** THE TASK **
Return every line below as is, leaving out the pictures.
***** INFORMATION PROVIDED
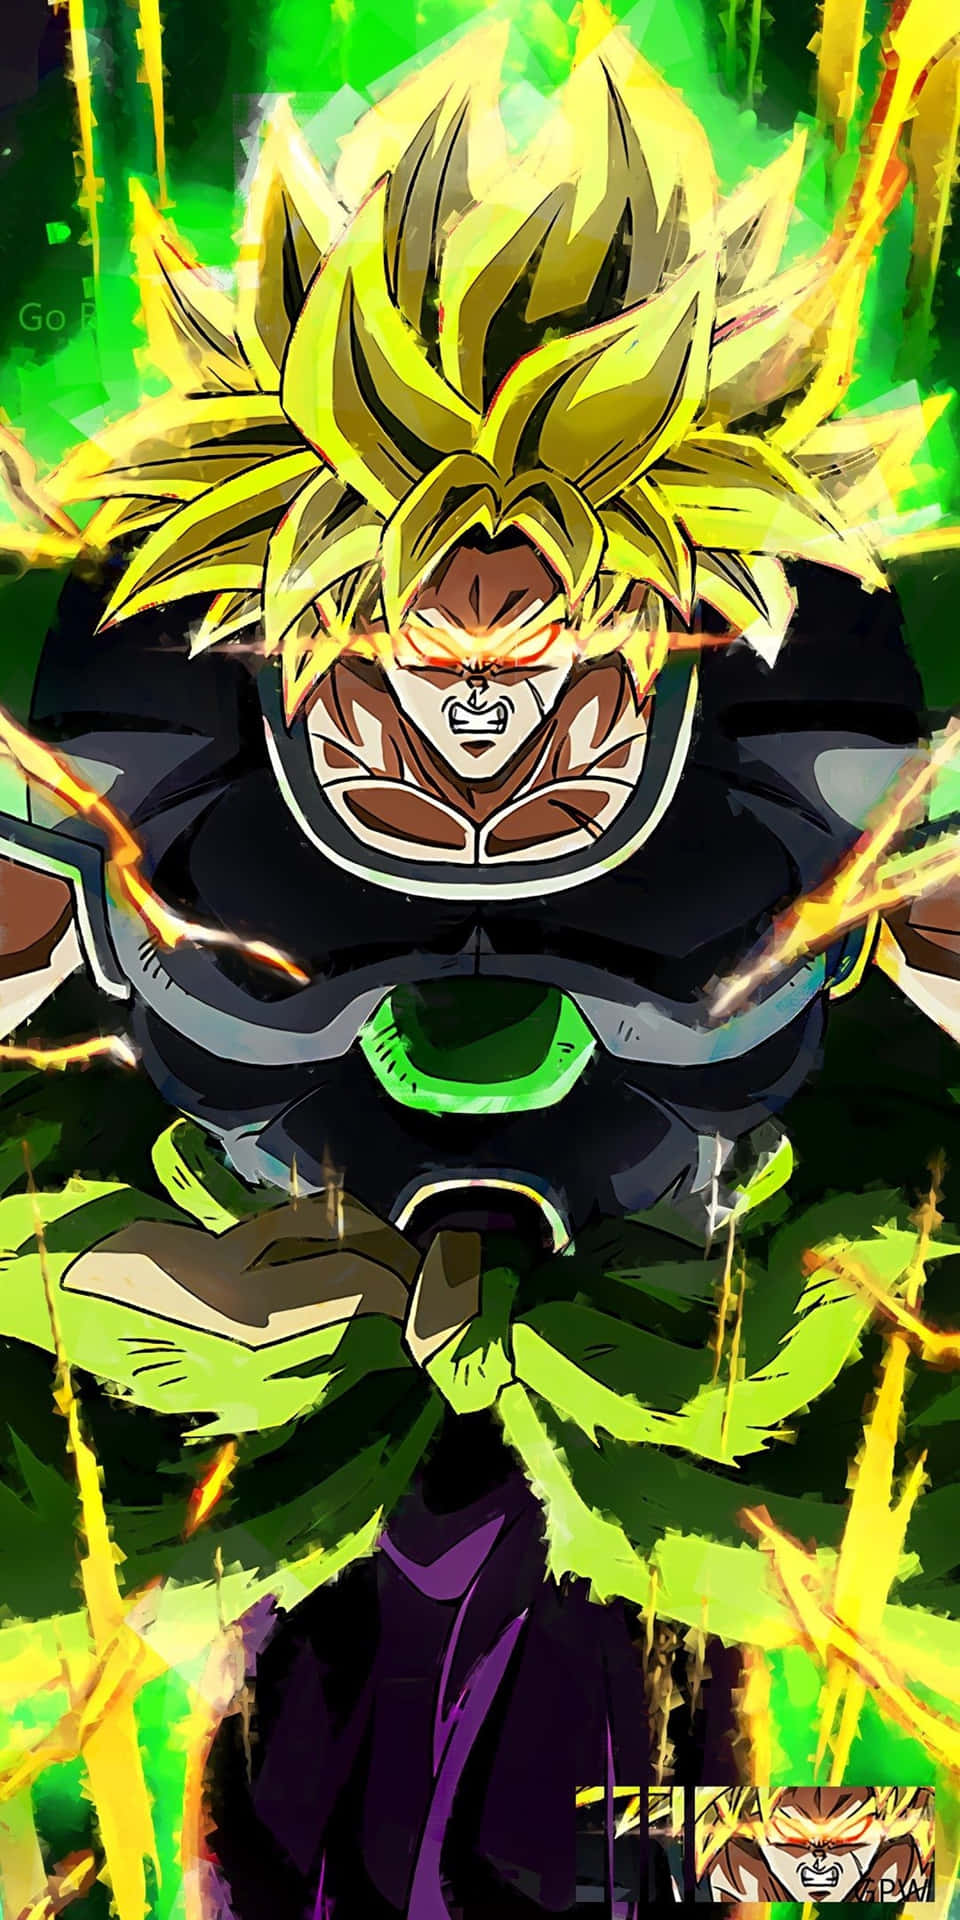 Background Broly 4K Wallpaper Discover more Anime Broly 4K Character  Dragon Ball series Fictional wallpap  Dragon ball super manga Hero  wallpaper Wallpaper
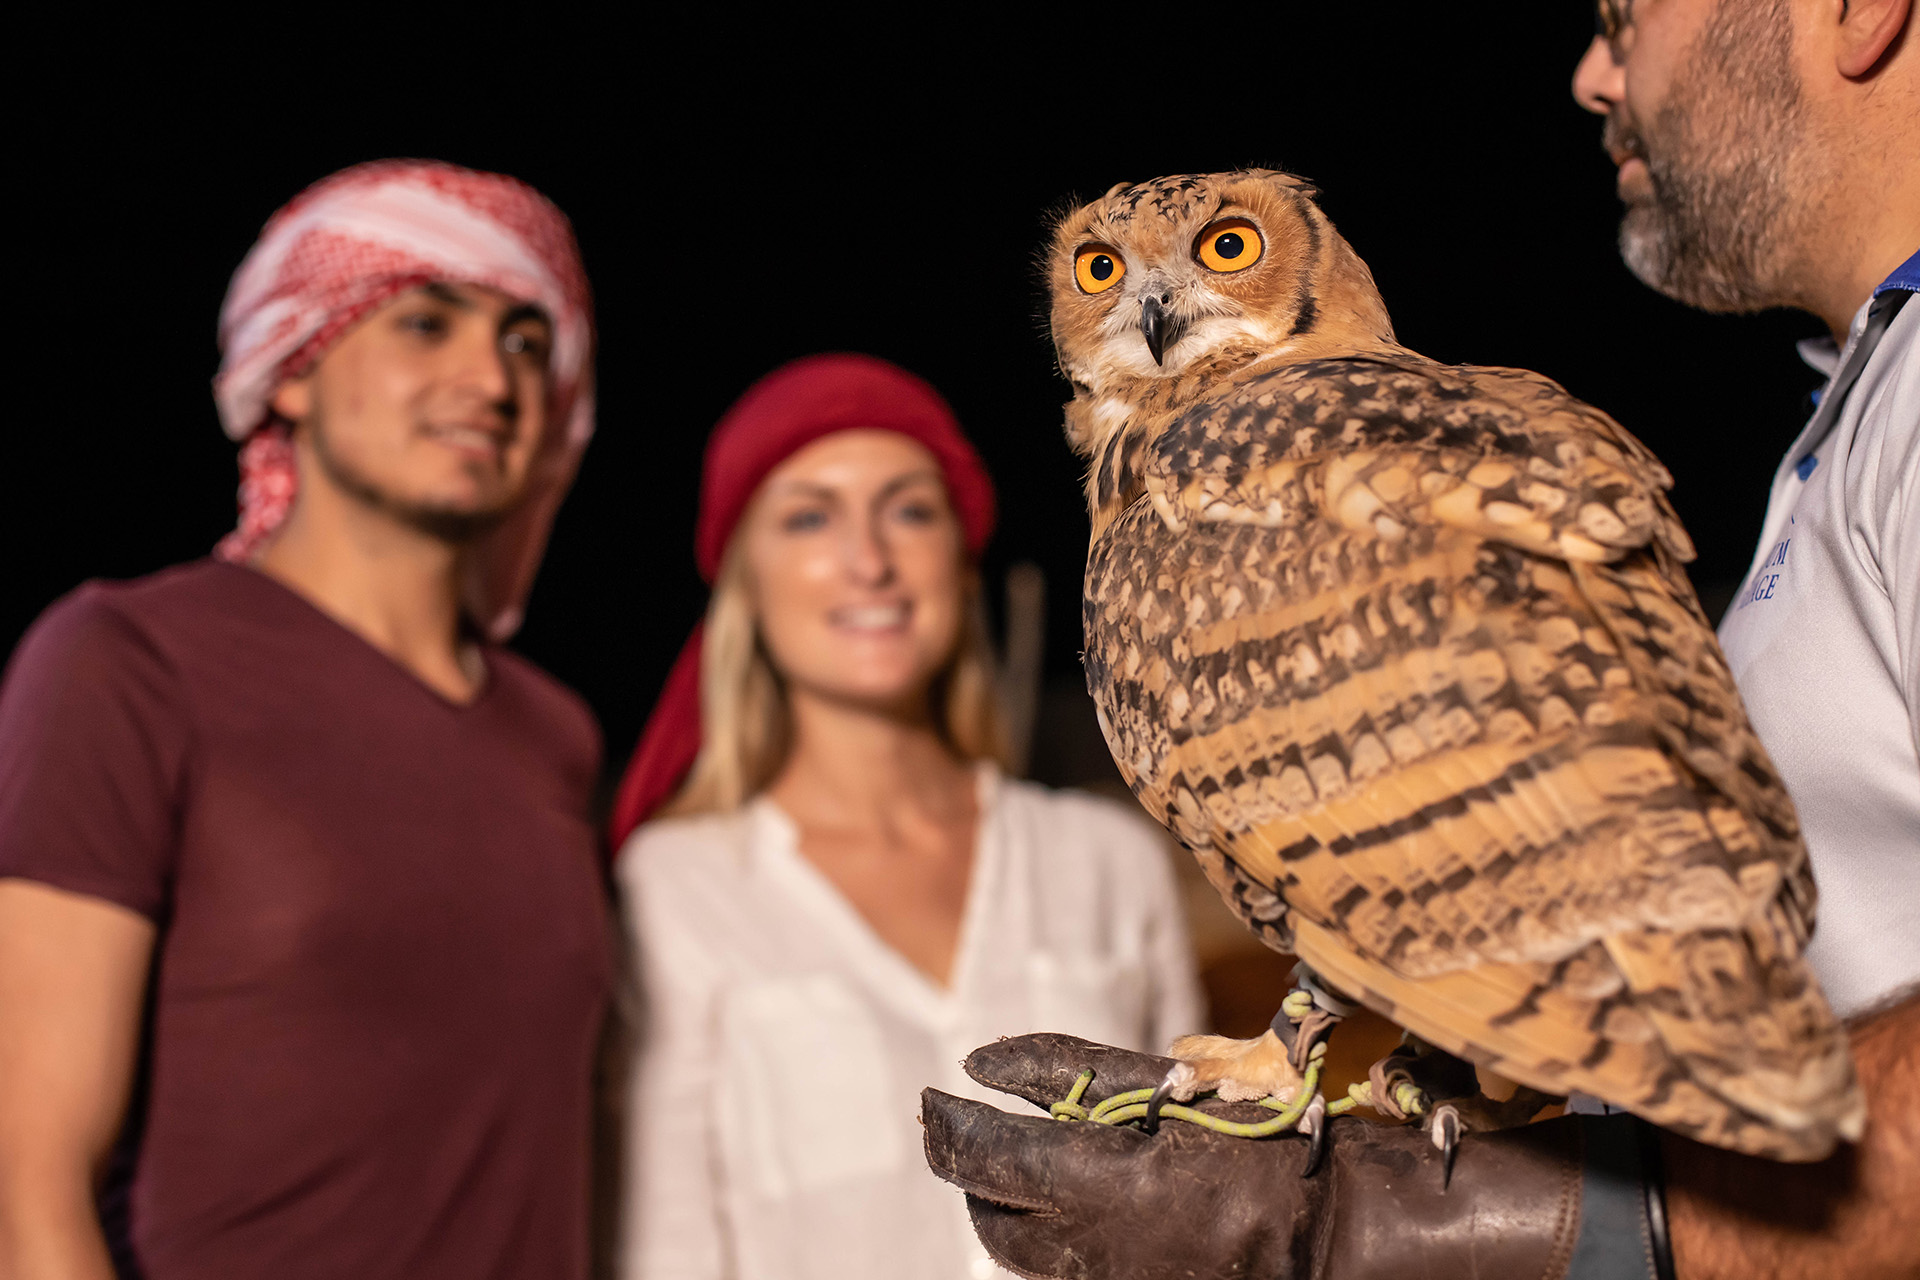 Owl encounter and photo opportunities
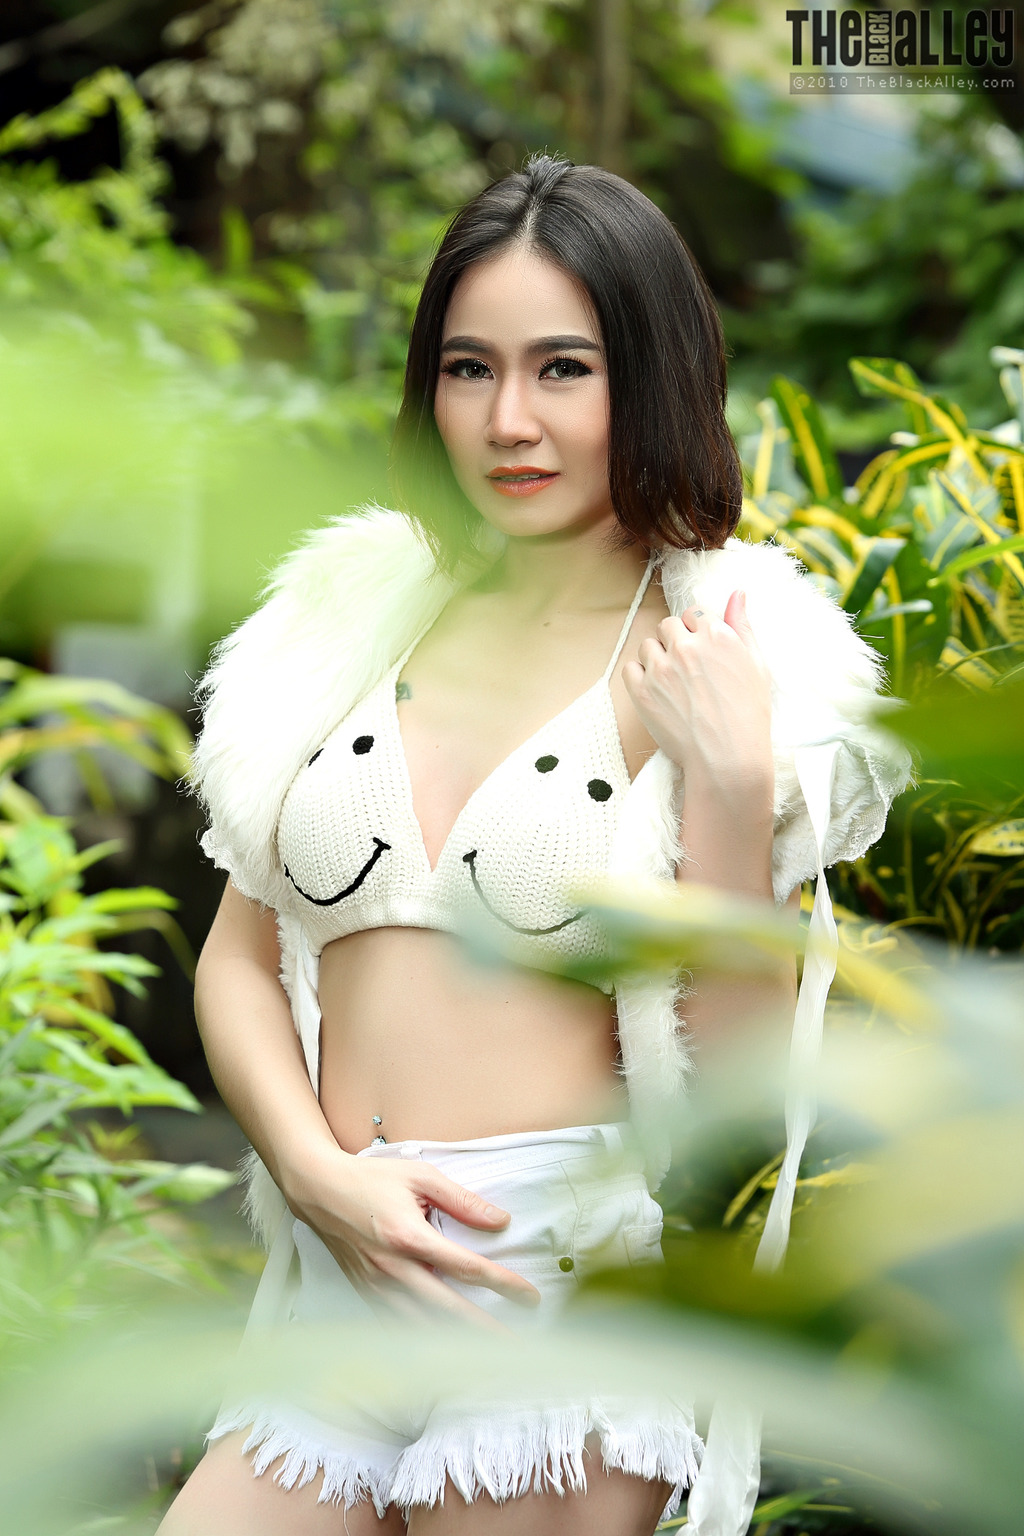 PHOTO | Busty asian strips outdoors 00 - Busty Asian Strips Outdoors
**********
** TASK SOLUTION **
 Background Broly 4K Wallpaper Discover more Anime Broly 4K Character  Dragon Ball series Fictional wallpap  Dragon ball super manga Hero  wallpaper Wallpaper
 Owl encounter and photo opportunities
 PHOTO | Busty asian strips outdoors 00 - Busty Asian Strips Outdoors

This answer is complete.